最后萧知遥还是没能在这天去成裴府,也没能抽出空去接师尊来府上。
毕竟她的两个小侧君刚挨了板子,她总不能让沈兰浅带着伤跟她过去,也不能扔下他俩自己去接师尊,那好像有点渣。
正好两日后裴含殊休沐,萧知遥隐约记着友人提起过那位裴七公子不太受裴公待见,还因为游园时出了风头被责罚了,她想着自己还是以约见裴小侯女的名义去裴府比较稳妥,别平白又给人家添了麻烦。
重新约好了时间,萧知遥一早就带着沈兰浅出了门,还让宿殃提了些给友人和裴七公子的礼物。
“你来的可巧,正好今日我母侯不在,说是女皇留了几位在朝中任职的家主议事。怎么还带了东西来,搞这么客气呢。”靖王殿下携家眷前来拜访,裴含殊自然亲自出来迎接,“咋是两份?”
“另一份是给你兄长的。”萧知遥让宿殃把给友人的那份交给她的家臣裴岫,给裴七公子的书册则仍由宿殃拿着,等着亲自交给那位公子。
裴含殊也不在意,她看见友人身后跟着的郎君,眼睛都挪不开窝了,很是热情地道:“哎哟,这位就是沈姐夫了吧,果真是国色天香,难怪连咱们靖王殿下都被您俘获了芳心呢。太可惜了,若是能再早两年遇见您,我肯定头一个去沈府提亲。”
“……你能不能正常点。”萧知遥不动声色地退后了半步,把有些不知所措的沈兰浅完全挡住。
裴含殊笑嘻嘻地道:“那我这个人你也知道的嘛,就剩这点爱好了。哎哎行行行……不开玩笑了,咱们走吧,七哥这个点应该在演武场。”
裴氏将门世家,很注重族中子嗣的锻炼,府中有设立专门的演武场。别看裴小侯女整天嘻嘻哈哈没个正形,也是正儿八经跟着太阴习过自家祖传的血饮刀诀的。只不过她是裴氏世女,将来得袭爵,按裴氏家规,家主不得执掌血骑兵权,所以才没入选月相卿。
“裴公还同意让他去演武场?”
“还不是太阴那边下了死命令。七哥这一进京还不知道何时才能回雪州,太阴一向看重他,生怕他来了会被母亲关起来磋磨,荒废了武艺,特意派人传命,不许任何人阻碍他练武。”裴含殊深深地叹了口气,“母亲素来敬重太阴,只能听命,近来也因此心情奇差,发卖了好些个侍奴,还杖毙了一个,连我前几日都被她莫名其妙骂了一通。”
“你们太阴倒当真是重视他。”萧知遥奇道,“不过既然裴公这么看不惯七公子,又为何要让他来燕上京参加中秋宴,把他留在红月郡,眼不见心不烦,不是更好?”
红月血骑以月相为名,而血骑总帅被称为太阴,裴氏如今的太阴已年近古稀,连裴公都得尊称她一声祖母。太阴老当益壮,依旧把持着血骑大权,但已很少过问族中事务,只对小辈们有些关注。
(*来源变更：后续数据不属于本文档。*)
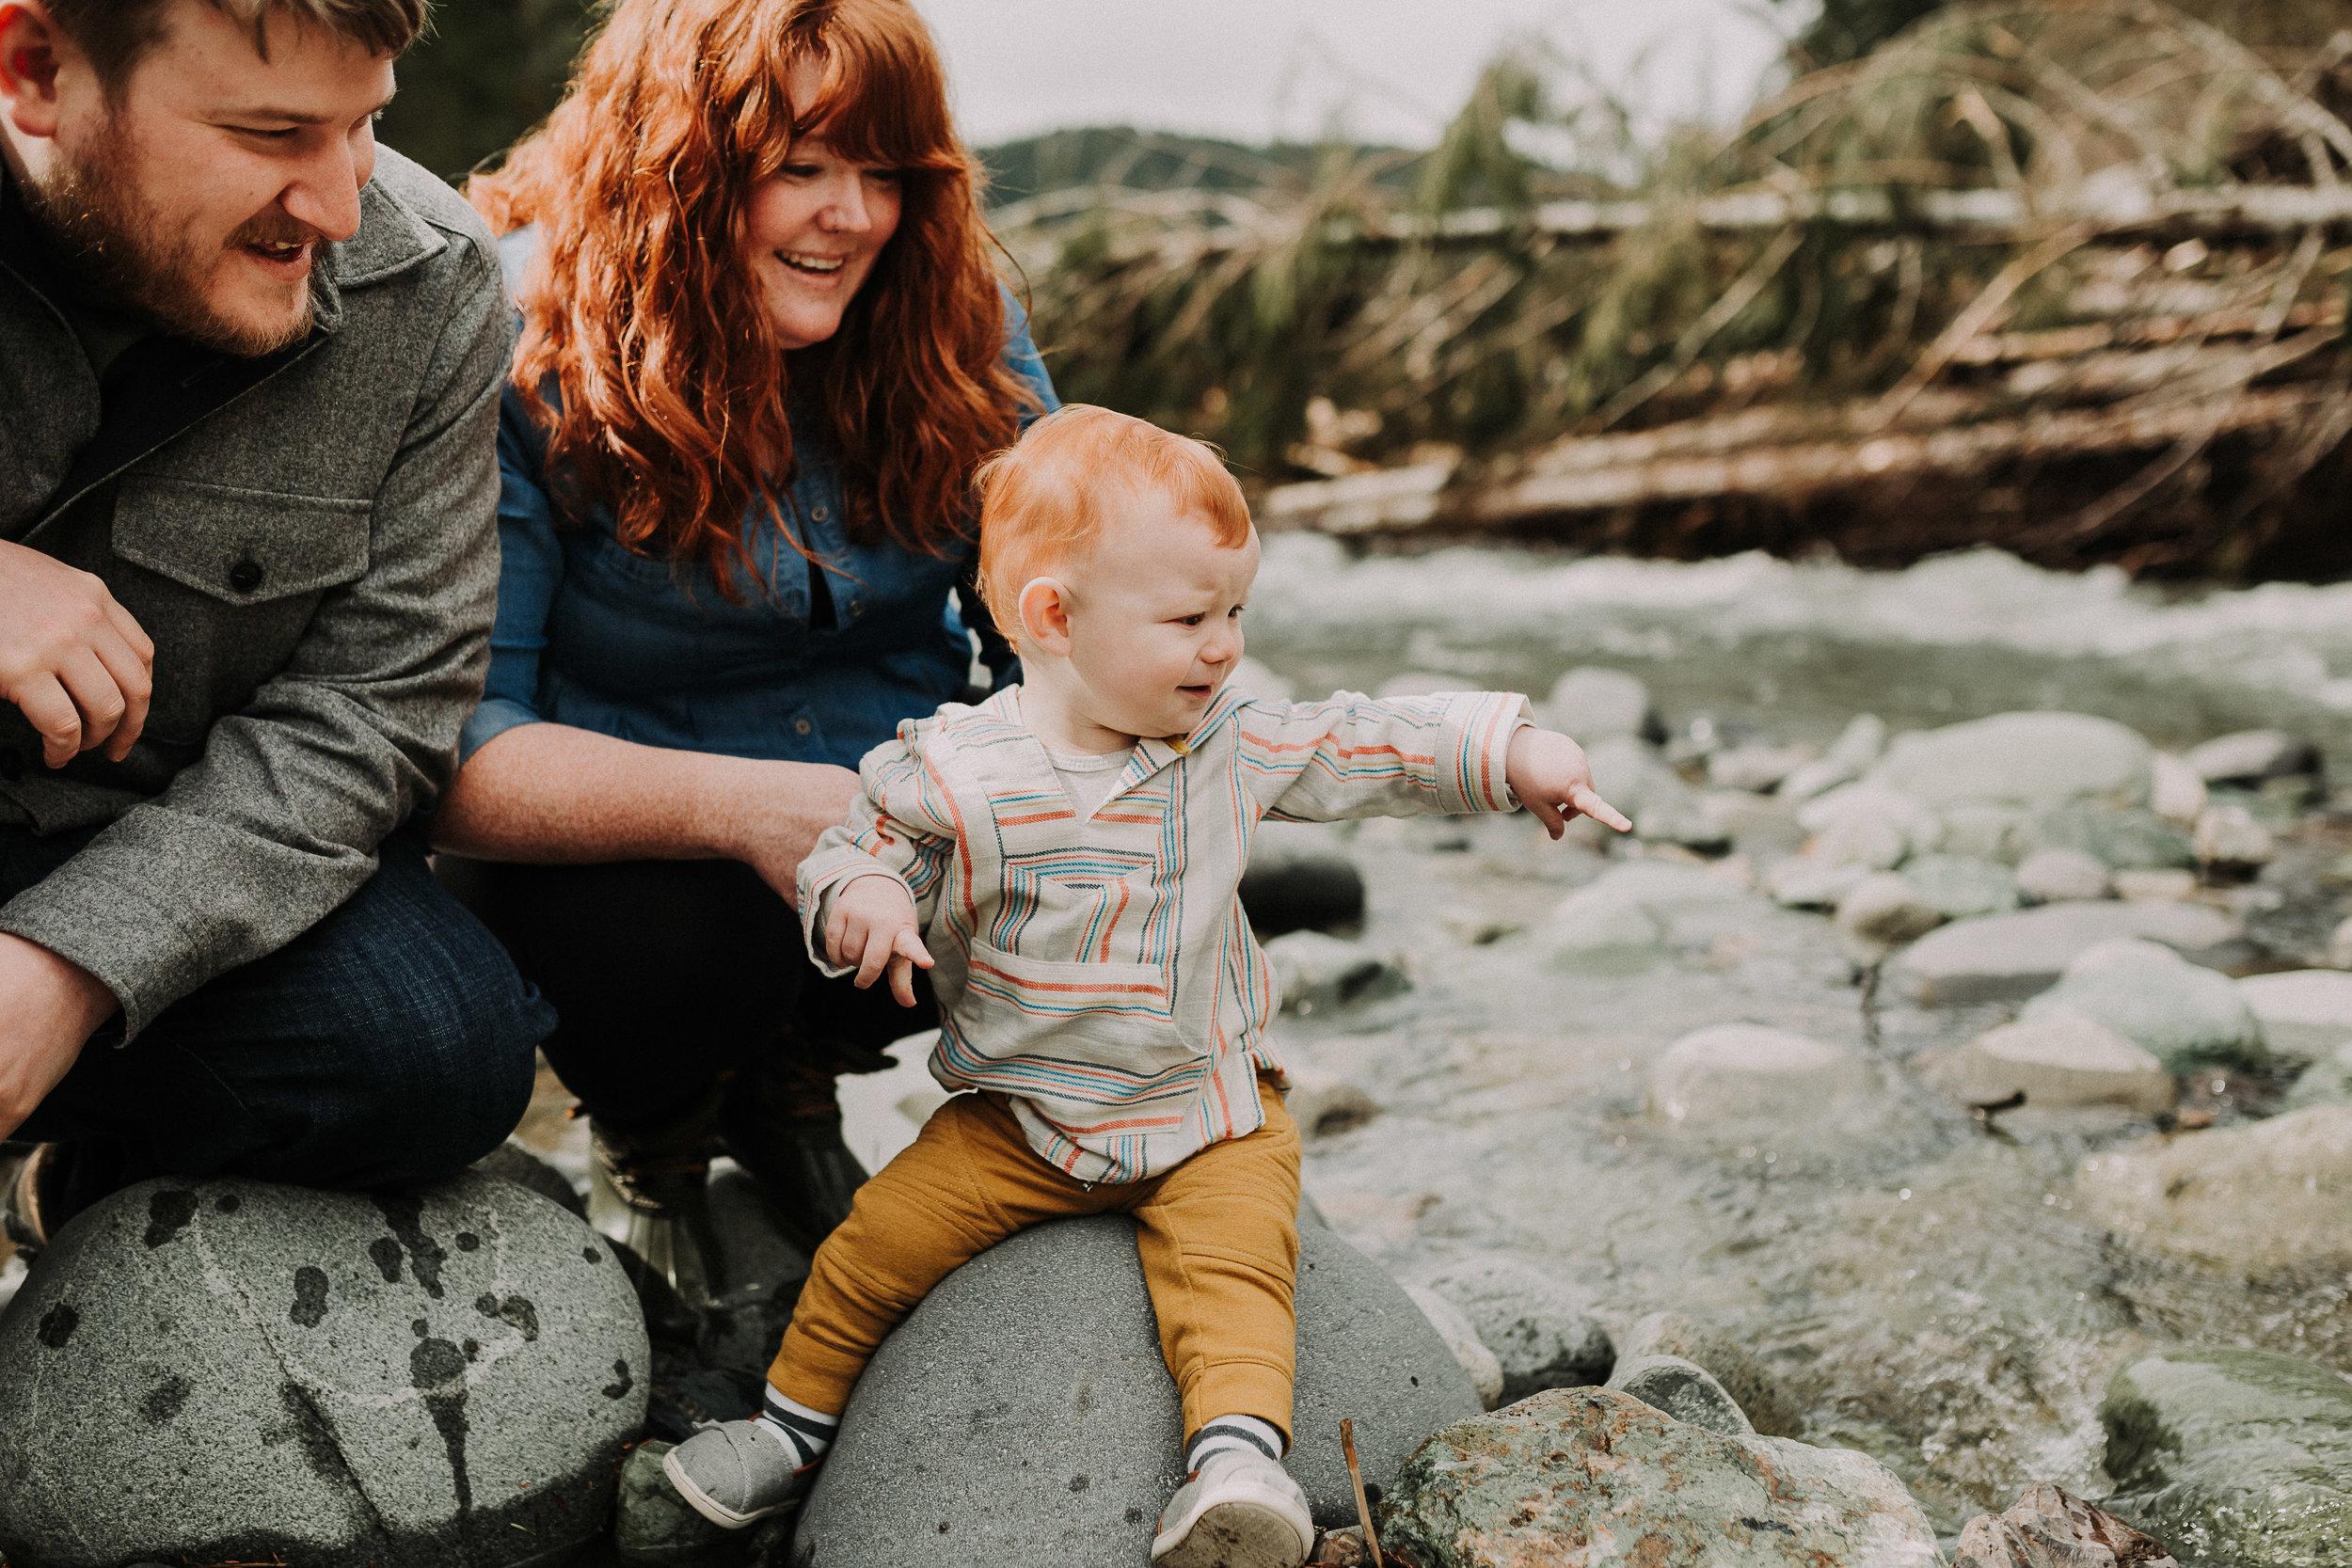 Family-Photographer-Bellingham-WA-Brianne-Bell-Photography-(Sam)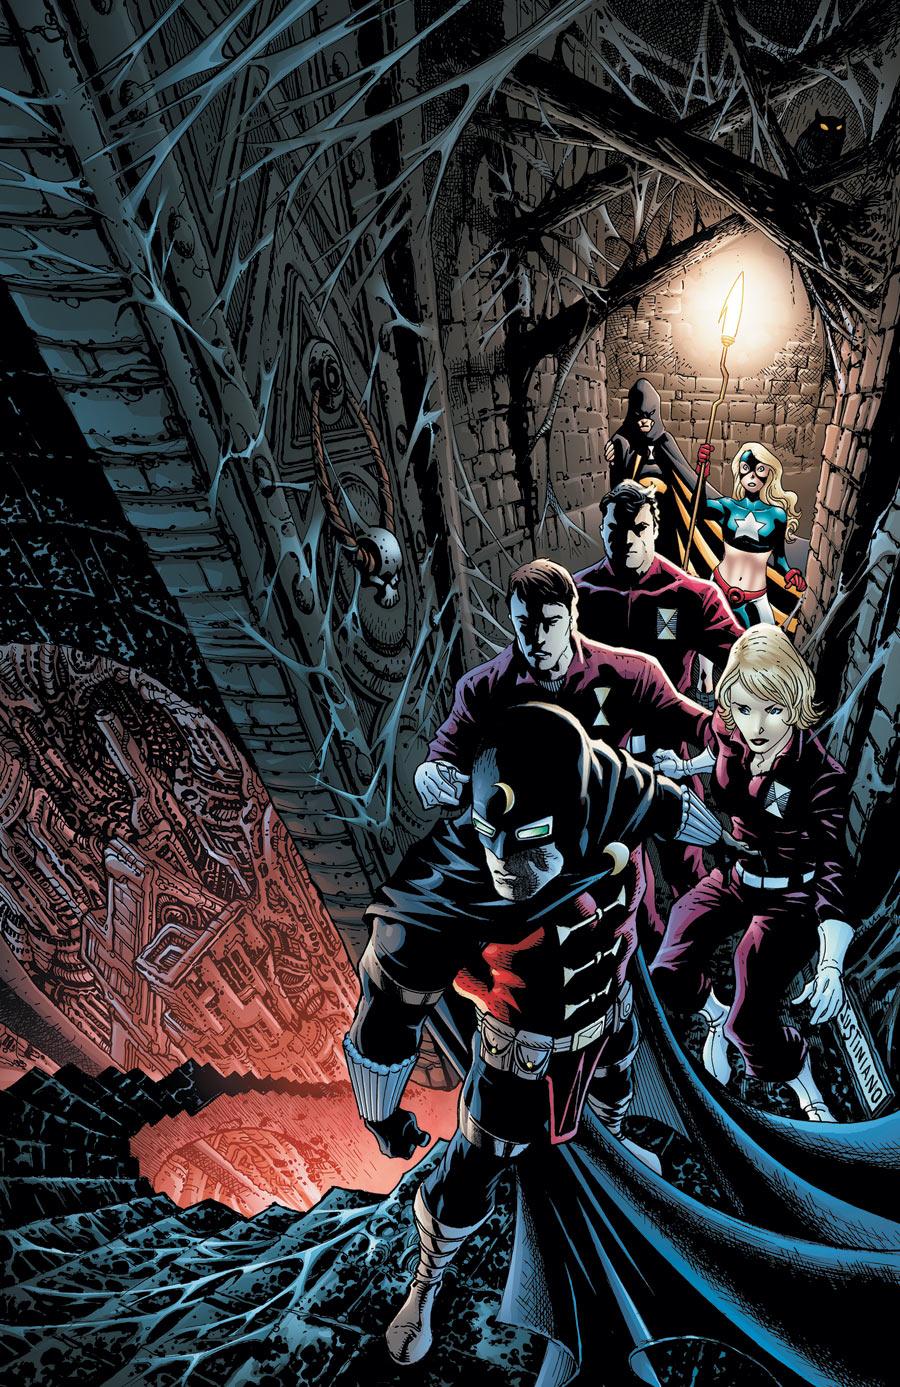 Justice Society of America Vol 3 52 Solicit.jpg

裴含殊耸耸肩:“谁叫他是弦月卿,手里有兵权嘛,我娘怂得很,才不放心把他独留在红月郡呢。平日太阴看他看得紧,好不容易有这么个机会能把他弄出来,她当然不会错过咯。”
裴含殊知道自家好姐妹不喜欢喧闹,特意提前叮嘱了后院那些莺莺燕燕,不许来她面前晃悠,若是扰了她和靖王的兴致,无论身份全部杖责后发卖为奴。故而一路上安安静静,只有一些忙碌的奴侍,遇上三人慌忙行礼避让。
两人随意交谈,但都默契的没提政事,只由裴含殊说了些近来听说的趣闻,宿殃老老实实拎着给裴七公子的那份礼物,而沈兰浅就跟在妻主身后,安安静静的,几乎没什么存在感。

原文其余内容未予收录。